Overall, it is encouraging to see that using two different methods—SOMs treat the data as a continuum rather than discretized, whereas EOTs rely on eigenfunction analysis and are orthogonal in time—we can find similar precipitation patterns, as well as similar associated circulation patterns. This indicates that the identified four key regions of extreme precipitation and the related mechanisms are robust, as they are not sensitive to the choice of method.

5 Summary

This work identified the key regions of eastern China summer maximum 5-day precipitation interannual variability by using the Empirical Orthogonal Teleconnection (EOT; Smith 2004); van den Dool et al. 2000) technique, and then identified the water vapor transport processes and circulations that fuel those precipitation events. To confirm that the key regions and the related mechanisms are not dependant on the EOT method, these EOT-based circulation regimes are further validated by comparing them to results derived from applying Self-Organising Maps (SOMs; Kohonen (2001); Liu and Weisberg (2011)) of regional circulation. The main results are as follows:

  1. (1)

    Using the EOT analysis, we identified 4 key regions of coherent interannual variability in maximum 5-day precipitation in eastern China: north-eastern China (EOT1), the south of the lower reaches of the Yangtze valley (EOT2), the north of the lower reaches of the Yangtze valley (EOT4) and southern China (EOT3). We also found that within each region, the extreme precipitation tends to occur simultaneously.

  2. (2)

    The key region of EOT1 is in north-eastern China. A strong EASM with a weak monsoon front and a northward displaced upper-tropospheric westerly jet enhance the extreme precipitation related to EOT1.

  3. (3)

    The key regions related to EOT2 and EOT4 are the south and north of the lower reaches of the Yangtze valley, respectively. The extreme precipitations over these two regions are related to a strong and stable monsoon front. The monsoon fronts are enhanced and kept stable over the south or north of the lower reaches of the Yangtze valley by the enhanced and westward extended WNPSH.

  4. (4)

    The anomalies of WNPSH related to EOT2 and EOT4 are related to the El Niño decaying phase. In EOT4, the El Niño shaped SST warming in the tropical eastern Pacific is stronger, followed by a stronger WNPSH, pushing the monsoon front to the north of the lower reaches of the Yangtze River.

  5. (5)

    The WNPSH in EOT3 is also enhanced. The anomalous southerly wind around the western ridge of WNPSH transports more warm and wet air to southern China and leads to increased precipitation there. The enhancement of WNPSH in EOT3 is related to Pacific-Japan pattern, which is triggered by the enhanced convective heating over the Maritime Continent.

  6. (6)

    The 4 key regions of Rx5day and related circulation anomalies are not dependent on the EOT method we use, as they are confirmed with the Self-Organising Maps (SOMs) technique, which finds similar precipitation patterns and similar associated circulation patterns.
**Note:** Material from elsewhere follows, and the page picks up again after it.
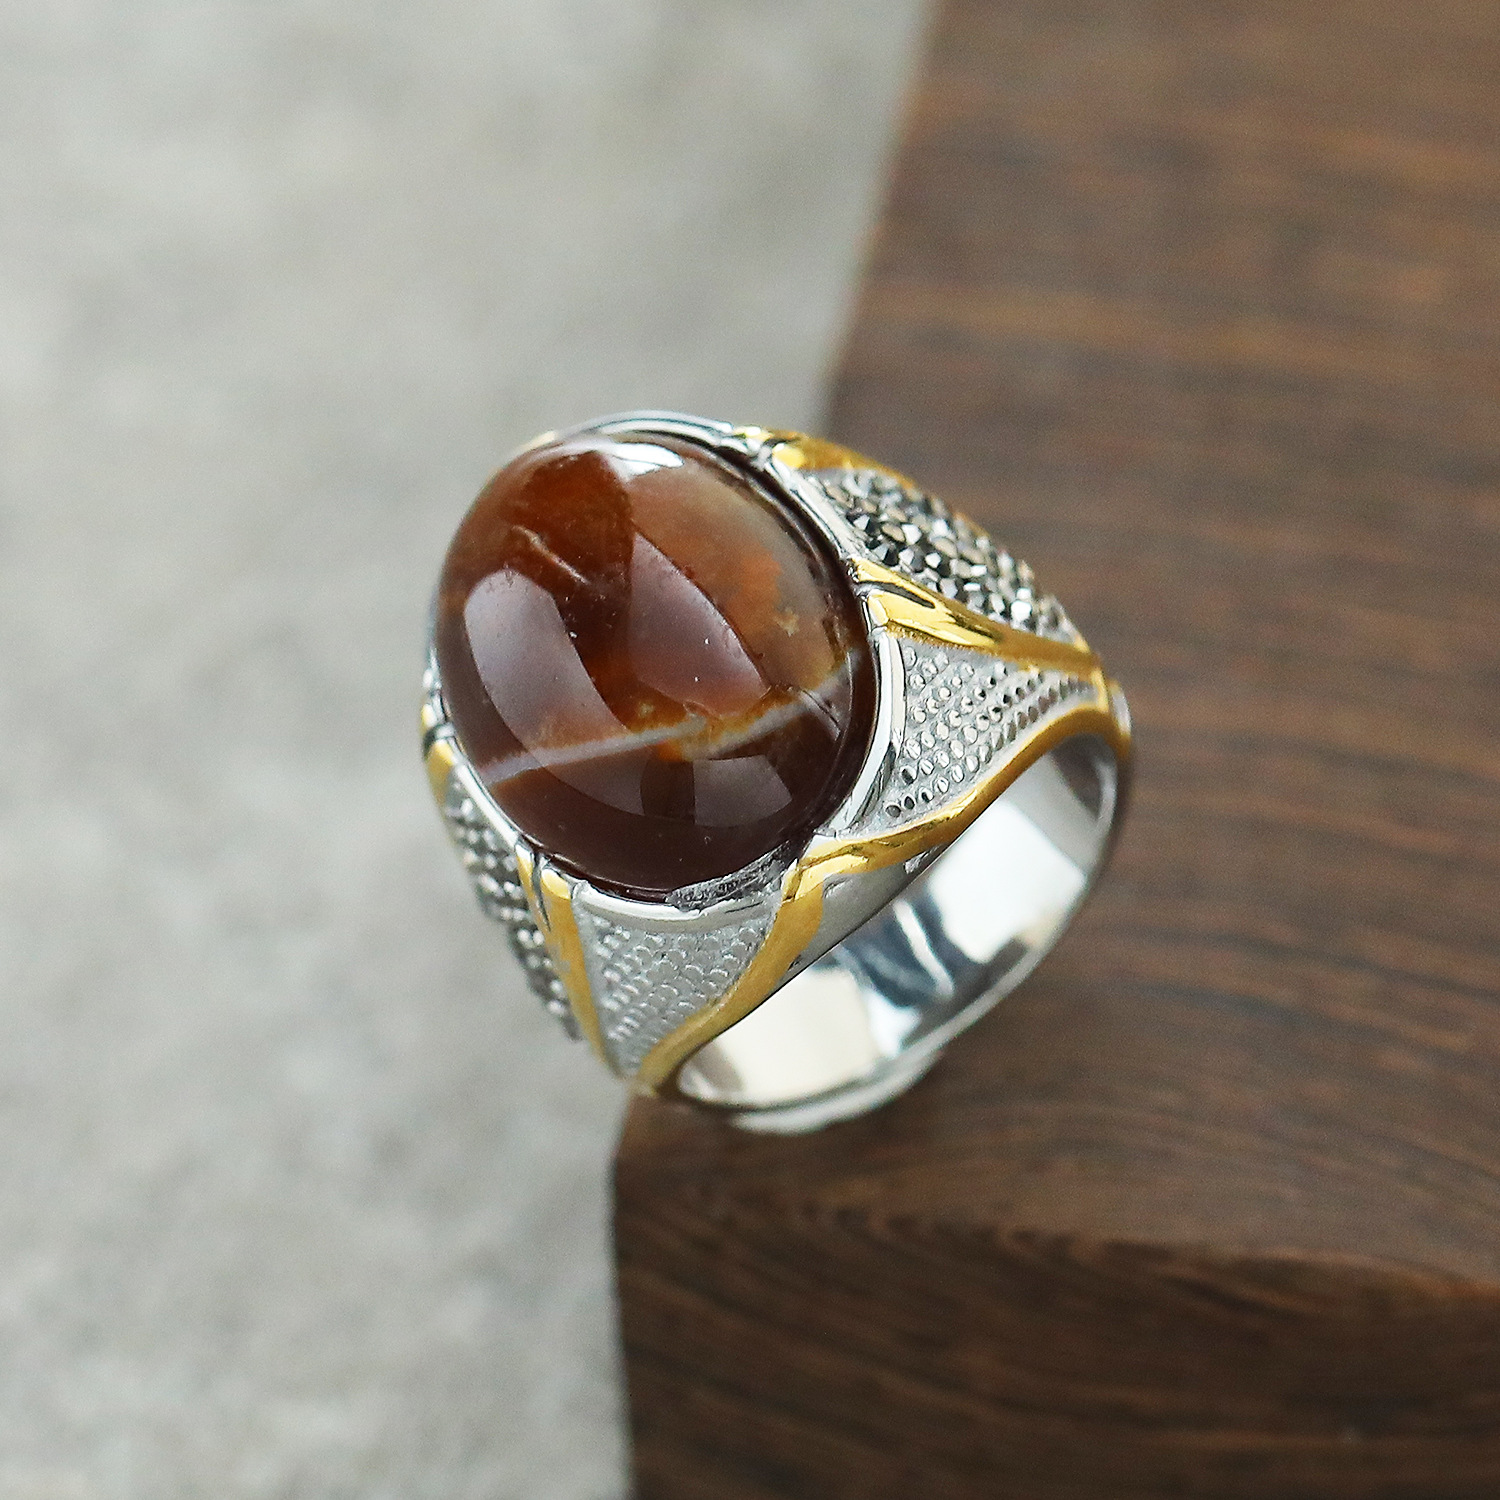 27:Steel color and gold agate

The dominant modes of interannual variability in extreme precipitation and the driving mechanisms identified in this study could provide insights toward developing an early warning system and improve future projections of extreme precipitation in eastern China. Since we still rely on global climate models to make future projections, now a question arises: How well can global models reproduce the observed extreme precipitation variability over eastern China and associated physical processes? Therefore, we also aim to evaluate how current climate models can reproduce these signals and what changes in risk they forecast. This will be presented in Part II of this study (Freychet et al. 2021).